Past medical history also revealed a prior malignant melanoma on the left arm surgically removed with an overall margin of 2 cm without performing an sentinel lymph node (SLN) biopsy with a thickness >2.5 mm with infiltration into the reticular dermis (Clark IV), without invasion of the lymphatic and venous vessels (T3aN0M0) and no evidence of disease progression on imaging studies on 2015, 2017, and 2019. Other compound nevi without dysplasia were removed on the left pectoral region back in 2015 and 2018. The patient reported no allergies or prior history of significant sun exposure, no family history of skin and other malignancies, including melanoma and social and living conditions were unremarkable.

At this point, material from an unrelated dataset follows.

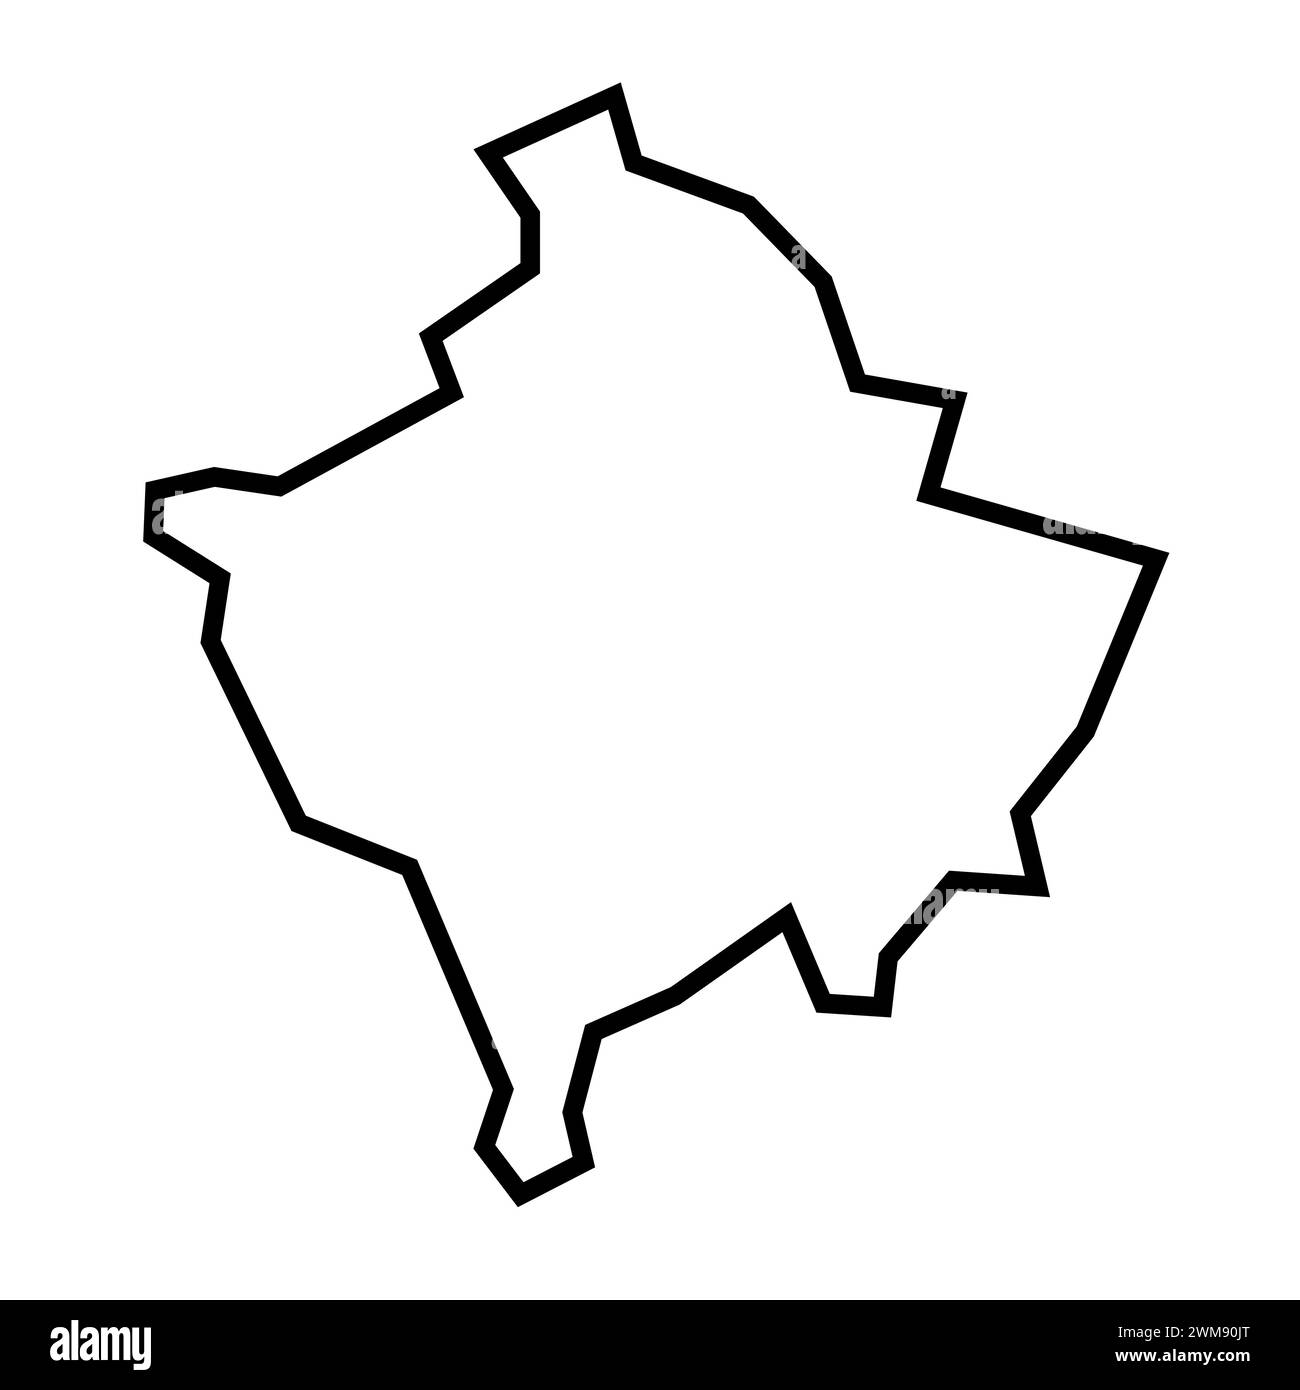 Silhouette nera spessa del paese del Kosovo. Mappa semplificata. Icona vettoriale isolata su sfondo bianco. Illustrazione Vettoriale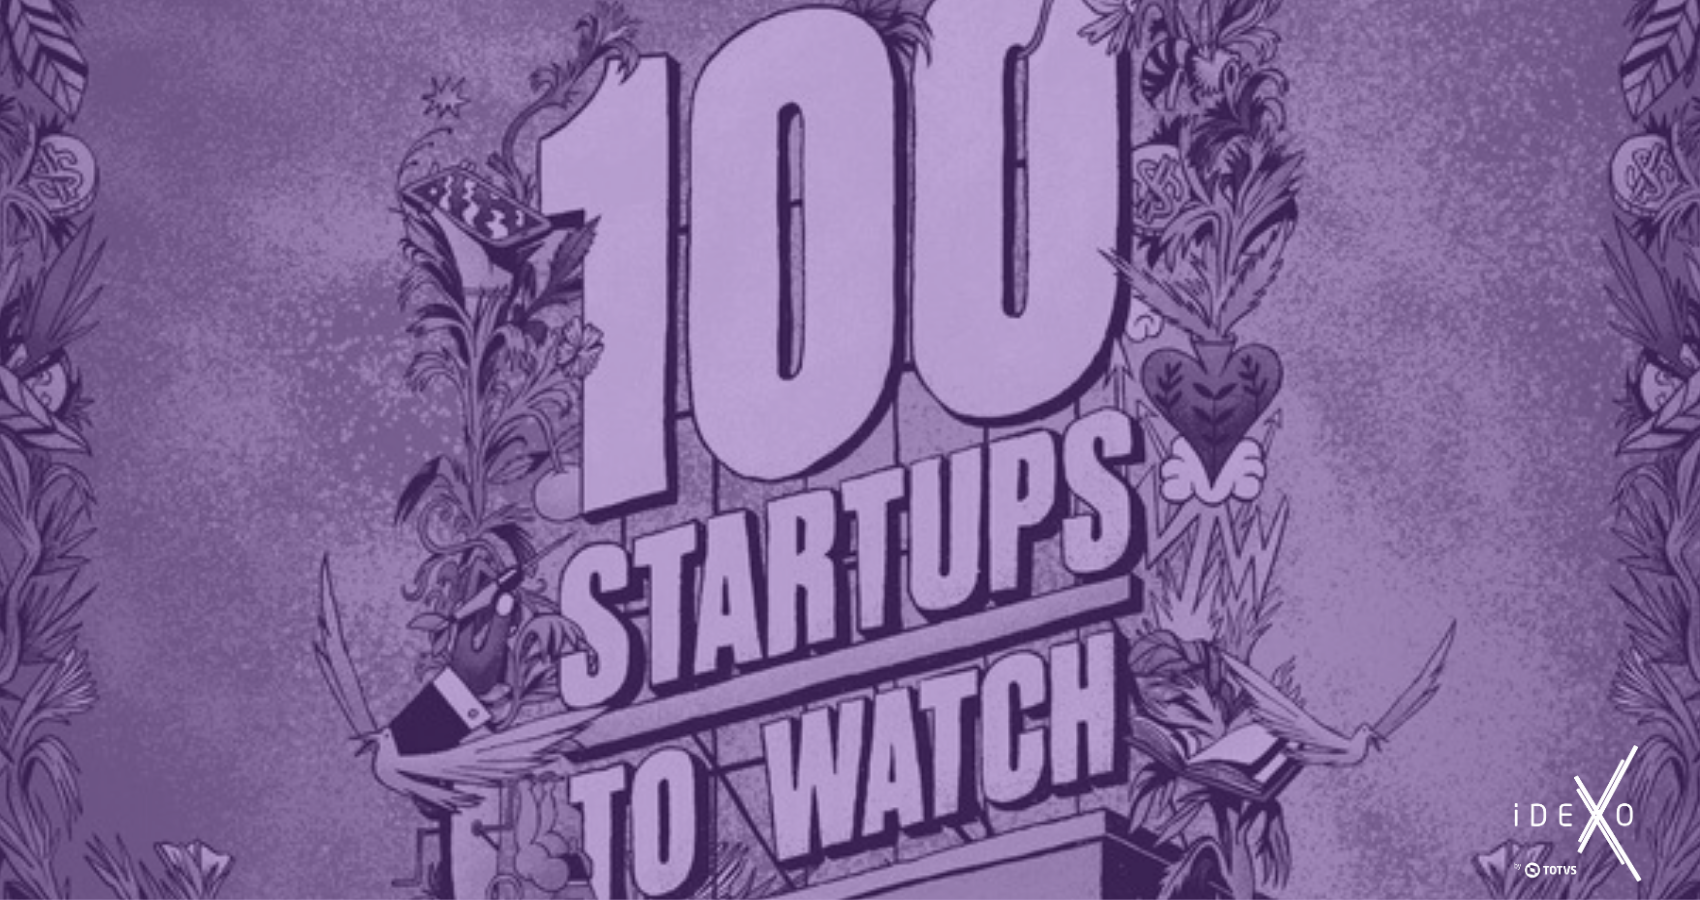 Oito startups do iDEXO estão entre as mais inovadoras do país

Dermatological examination in 2022 showed a superficially spreading solitary macule measuring roughly 0.9 cm in diameter on the patient’s left cheek region, next to the nasolabial fold (Fig. 1A) and three additional, irregularly shaped melanocytic naevi on the back (Fig. 2). The facial lesion was asymmetrical, unevenly bordered and with clear demarcated zones of varying shades of discoloration, mostly pronounced in its infero-lateral area, which according to the clinical and dermatoscopic evidence, was diagnosed as lentigo maligna. The other lesions localized on the scapular region, infra-scapular, and lumbar regions had positive ABCD criteria (asymmetry, irregular borders, discoloration, and diameter > 6 mm) (Fig. 2), and were diagnosed as melanocytic naevi with dysplasia.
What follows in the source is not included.